Expressions such as \[ \frac{1}{(1-x)(1+x)} \quad \text{or} \quad \frac{2x+3}{(1-x)(1+2x)} \] are often easier to expand after first splitting them into simpler fractions.

Then each simpler fraction can be expanded using the binomial formula or standard series forms.

1. Decompose the expression into partial fractions.
2. Rewrite each part into a form suitable for binomial expansion, usually \((1+u)^n\).
3. Expand each part to the required power of \(x\).
4. Combine like terms.
5. Read off the coefficient of the required power.

\[ (1+u)^n = 1 + nu + \frac{n(n-1)}{2}u^2 + \frac{n(n-1)(n-2)}{6}u^3 + \cdots \]

Especially useful cases:

\[ (1-u)^{-1} = 1 + u + u^2 + u^3 + \cdots \]

\[ (1+u)^{-1} = 1 - u + u^2 - u^3 + \cdots \]

\[ (1+u)^{-2} = 1 - 2u + 3u^2 - 4u^3 + \cdots \]

Find the coefficient of \(x^3\) in the expansion of

\[ \frac{1}{(1-x)(1+x)}. \]

Step 1: Decompose into partial fractions.

\[ \frac{1}{(1-x)(1+x)}=\frac{A}{1-x}+\frac{B}{1+x} \]

\[ 1=A(1+x)+B(1-x) \]

Let \(x=1\): \(\;1=2A\Rightarrow A=\frac12\)

Let \(x=-1\): \(\;1=2B\Rightarrow B=\frac12\)

So \[ \frac{1}{(1-x)(1+x)}=\frac{1}{2(1-x)}+\frac{1}{2(1+x)}. \]

Step 2: Expand each part.

\[ \frac{1}{1-x}=1+x+x^2+x^3+\cdots \]

\[ \frac{1}{1+x}=1-x+x^2-x^3+\cdots \]

Therefore \[ \frac{1}{2(1-x)}+\frac{1}{2(1+x)} = \frac12(1+x+x^2+x^3+\cdots) + \frac12(1-x+x^2-x^3+\cdots) \]

\[ =1+x^2+x^4+\cdots \]

Find the coefficient of \(x^2\) in the expansion of

\[ \frac{3}{(1-x)(1+2x)}. \]

Step 1: Decompose.

\[ \frac{3}{(1-x)(1+2x)}=\frac{A}{1-x}+\frac{B}{1+2x} \]

\[ 3=A(1+2x)+B(1-x) \]

Let \(x=1\): \(\;3=3A\Rightarrow A=1\)

Let \(x=-\frac12\): \(\;3=\frac32 B\Rightarrow B=2\)

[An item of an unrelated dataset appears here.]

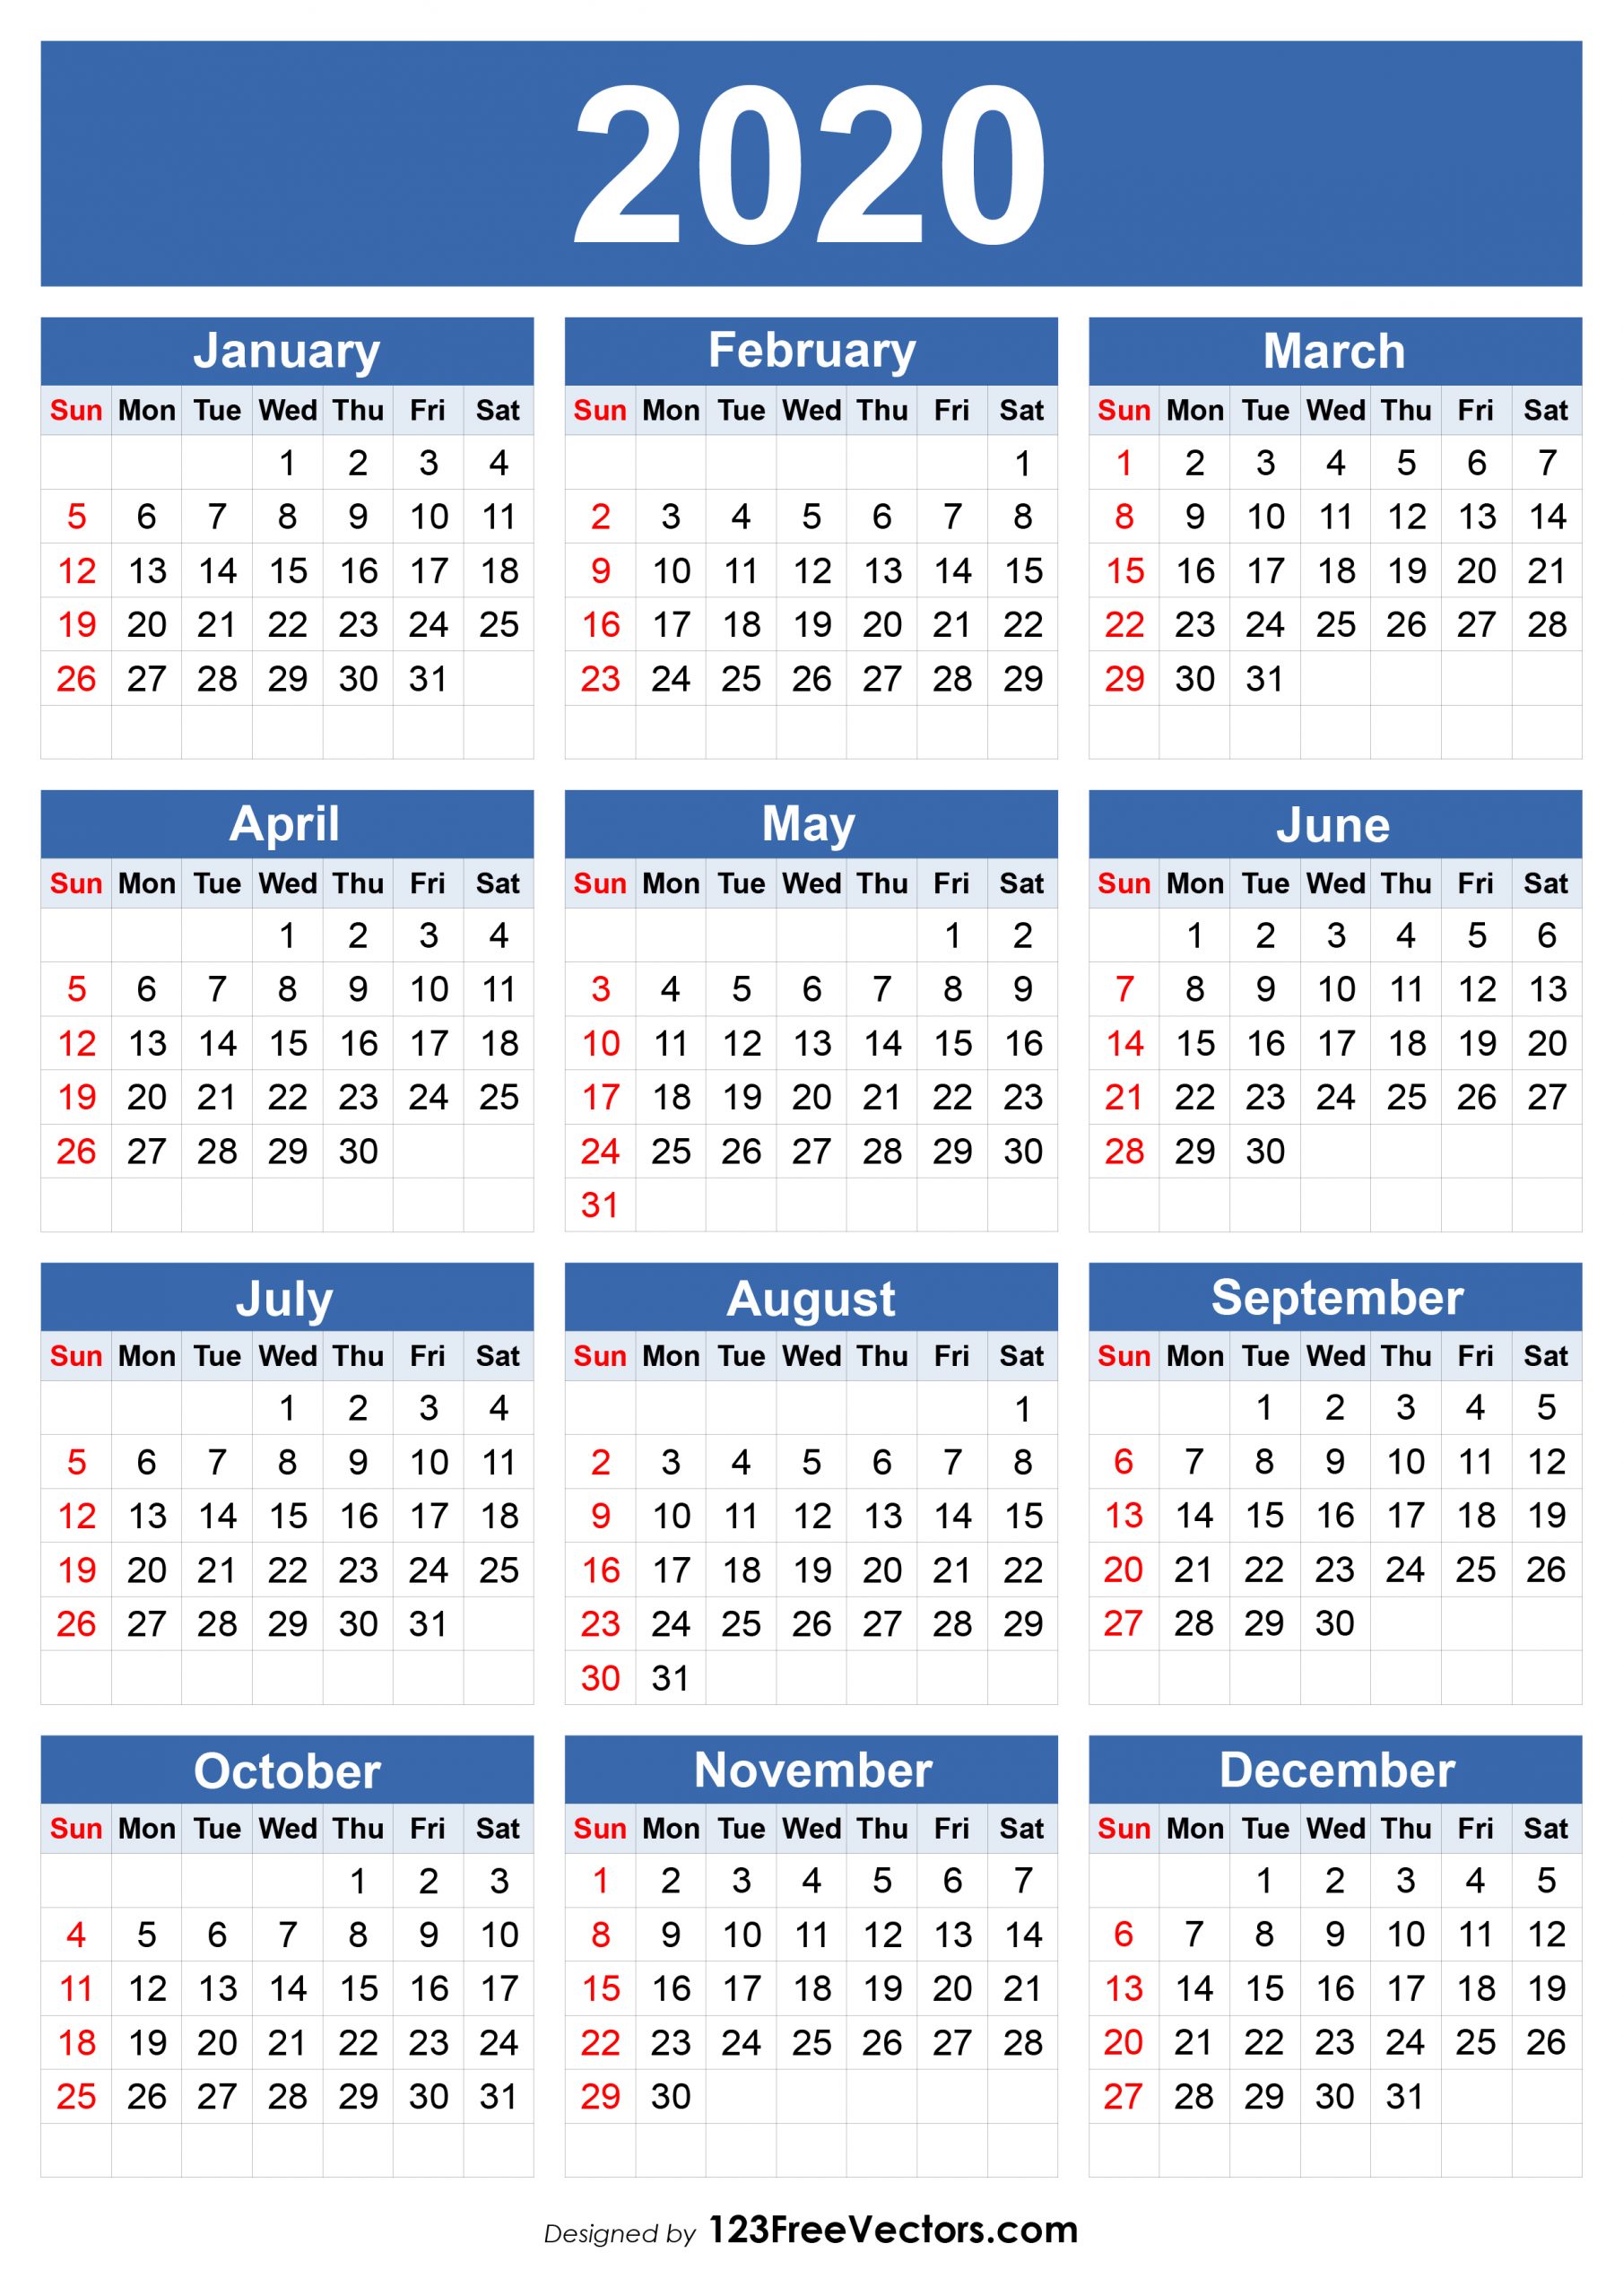 2020 calendar printable free indesign calendar template Calendar
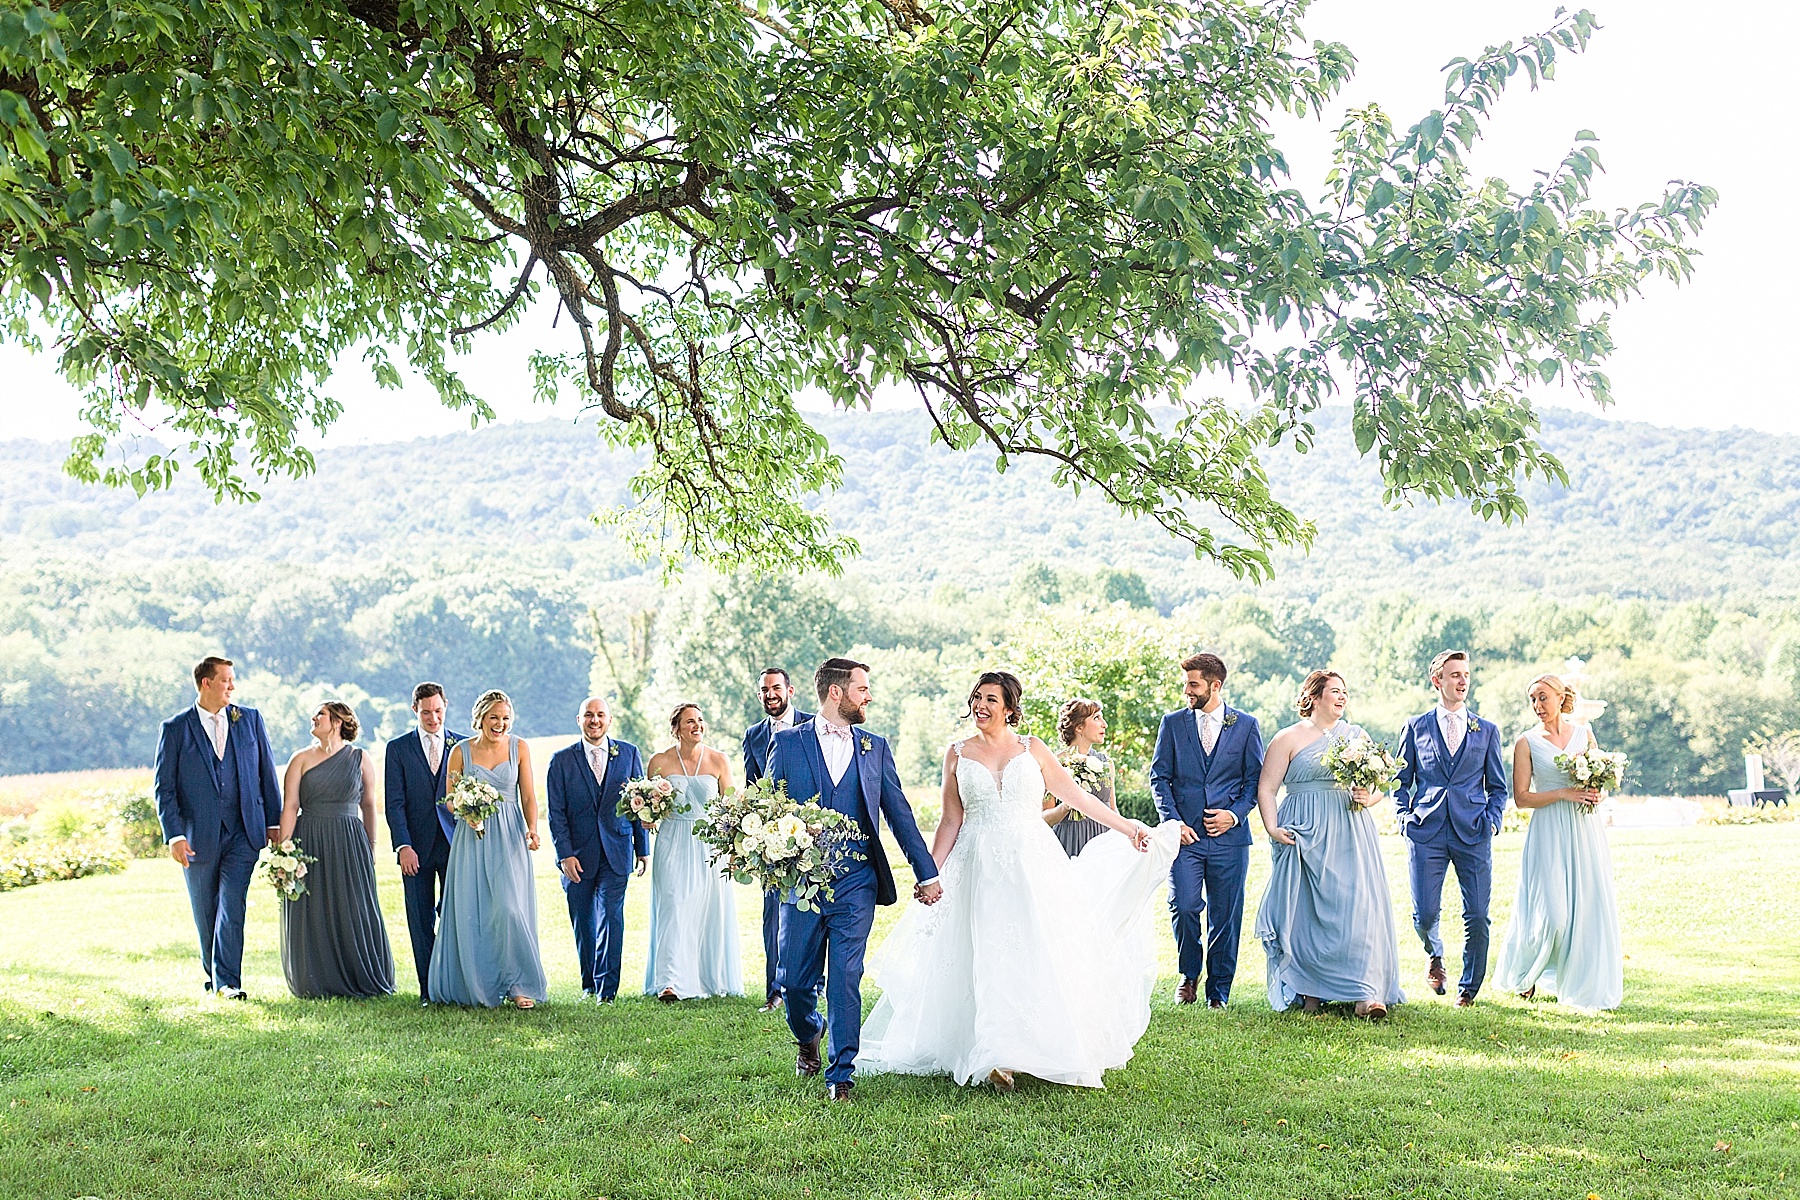 Alexandra Mandato Photography photographs navy blue and dusty blue wedding party attire

So \[ \frac{3}{(1-x)(1+2x)}=\frac{1}{1-x}+\frac{2}{1+2x}. \]

Step 2: Expand.

\[ \frac{1}{1-x}=1+x+x^2+x^3+\cdots \]

\[ \frac{2}{1+2x}=2(1+2x)^{-1} =2(1-2x+4x^2-8x^3+\cdots) \]

\[ =2-4x+8x^2-16x^3+\cdots \]

Add: \[ \frac{3}{(1-x)(1+2x)} = (1+x+x^2+\cdots)+(2-4x+8x^2+\cdots) \]

So the \(x^2\)-term is \[ x^2+8x^2=9x^2. \]

Find the coefficient of \(x^3\) in the expansion of

\[ \frac{1}{(1-x)(1-2x)}. \]

Step 1: Decompose.

\[ \frac{1}{(1-x)(1-2x)}=\frac{A}{1-x}+\frac{B}{1-2x} \]

\[ 1=A(1-2x)+B(1-x) \]

Let \(x=1\): \(\;1=-A\Rightarrow A=-1\)

Let \(x=\frac12\): \(\;1=\frac12 B\Rightarrow B=2\)

Hence \[ \frac{1}{(1-x)(1-2x)}=-\frac{1}{1-x}+\frac{2}{1-2x}. \]

Step 2: Expand.

\[ -\frac{1}{1-x}=-(1+x+x^2+x^3+\cdots) \]

\[ \frac{2}{1-2x}=2(1+2x+4x^2+8x^3+\cdots) \]

\[ =2+4x+8x^2+16x^3+\cdots \]

So the \(x^3\)-term is \[ -x^3+16x^3=15x^3. \]

• After decomposition, each term must be expanded separately.
• Rewrite expressions carefully into the form \((1+u)^n\).
• Be careful with signs, especially in \((1+u)^{-1}\) and \((1-u)^{-1}\).
• If the question asks for a coefficient only, you do not need the full expansion.
• Stop as soon as you have enough terms to identify the required coefficient.